Мать честная! Вон он где, оказывается. С пеленок о нем слышал, поскольку там медь добывают. У Глазка там тетка живет, и он ездил к ней в гости. Затаился в горах Карабаш, а дым его выдает.

Возле избушки, под прохладным ветерком, отдохнули, закусили. В ней обитал сторож-наблюдатель. Появлялся здесь летом, когда наступала пора лесных пожаров, палов, как у нас говорят. Увидит где-нибудь подозрительный дымок, покрутит ручку телефона, вызывая лесной кордон, и докладывает: в таком-то квадрате признаки пала. Но в тот день, когда мы здесь были, сторож отсутствовал: видно, куда-то отлучился или время дежурств еще не пришло.

Борис спустился вниз и вернулся с двумя пучками травы. В одном пучке черемша — горный лук. Он такой же, как огородный, только перышки у него тоньше и на вкус слаще. В другом — кислица. Стебель ее надо очистить от верхней жесткой пленки, и откроется тебе сочная кисло-сладкая мякоть. Объедение!

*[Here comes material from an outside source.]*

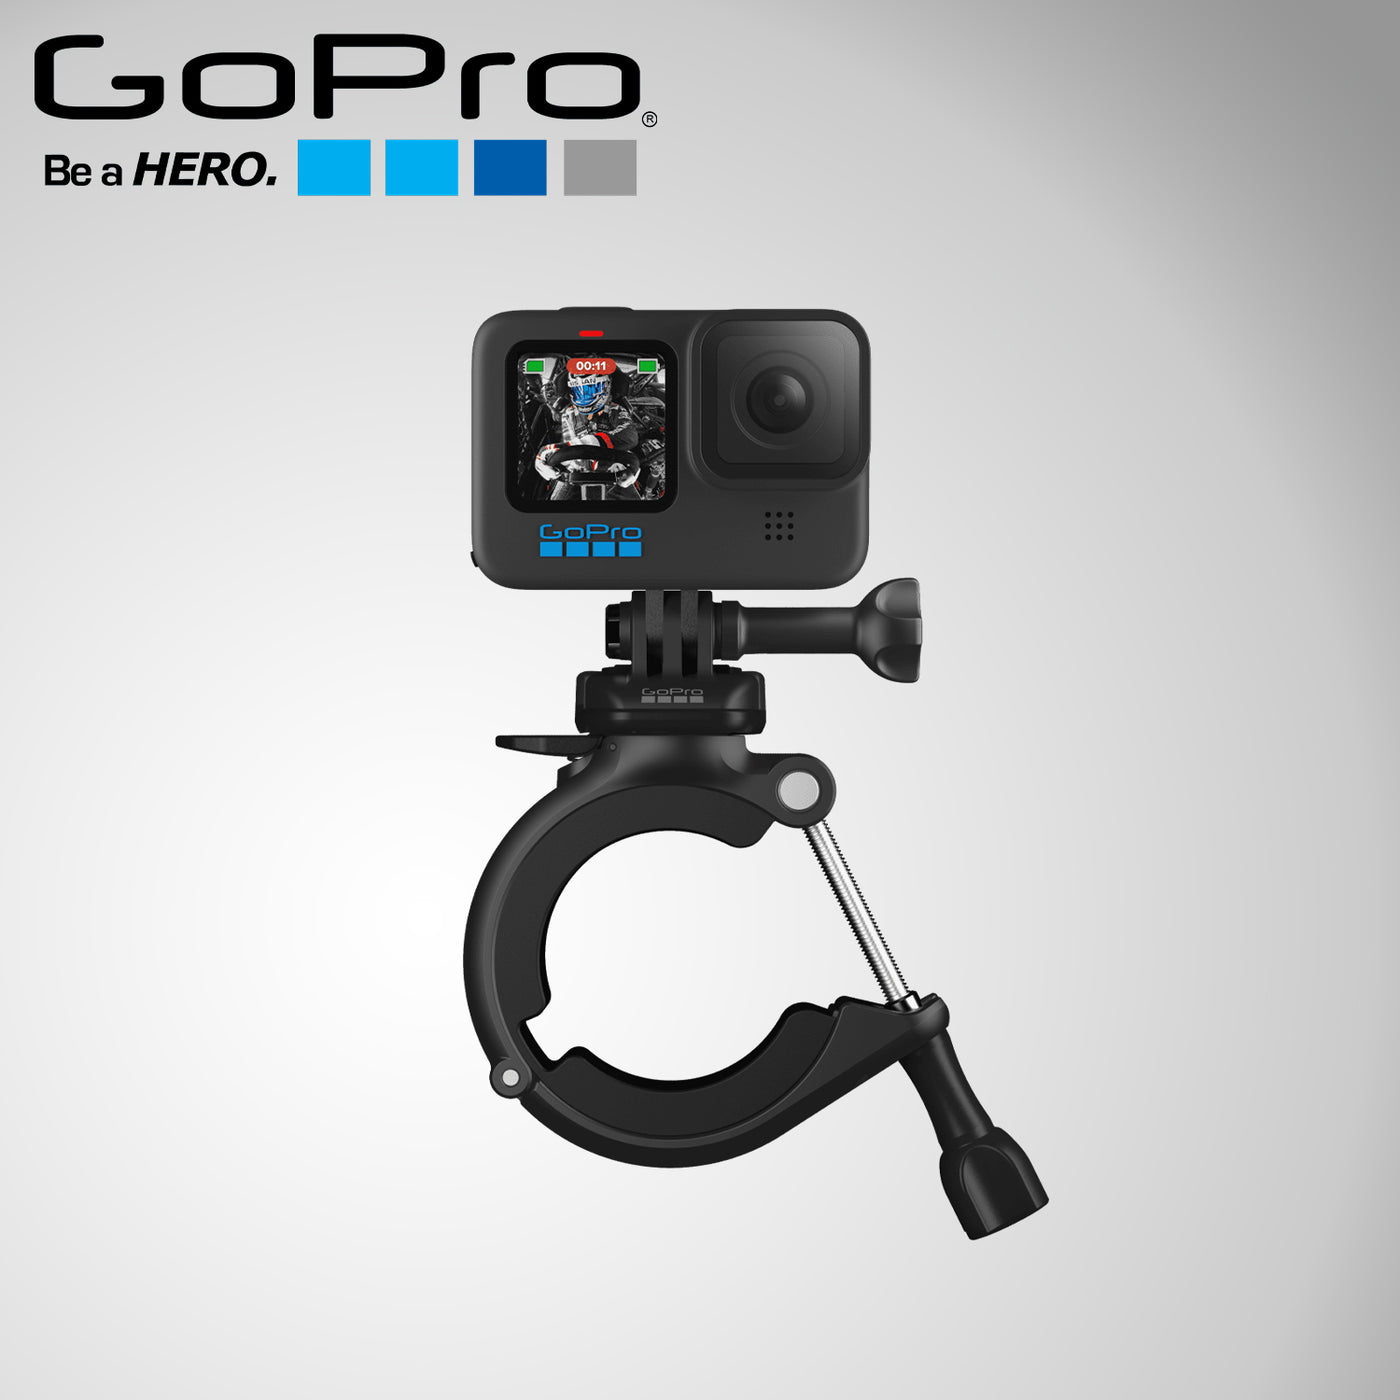 Soporte de tubo - Accesorio oficial de GoPro

Сидели на горе наедине с небом, выше нас уже ничего не было, разве что облака. Даже коршуны, по-моему, на такую высоту не поднимались. Ели черемшу с хлебом и кислицу. Смотрели вдаль, и ничто нам не мешало ощущать громадность и необъятность мира, его непередаваемую красоту.

Потом Петька показал на запад, в междугорье:

— Во-он озерко, видишь? Это Разрезы. Туда мы и пойдем.

В демидовские времена там пробили шахту, чтоб руду добывать. Но руды оказалось мало, шахту затопили водой, и образовалось озеро. Между Разрезами и Кыштымом — горы Сугомак и Егоза. С этой незнакомой стороны они казались непривычными, незнакомыми, пугающе чужими. И на душе неспокойно — отгородили от дома.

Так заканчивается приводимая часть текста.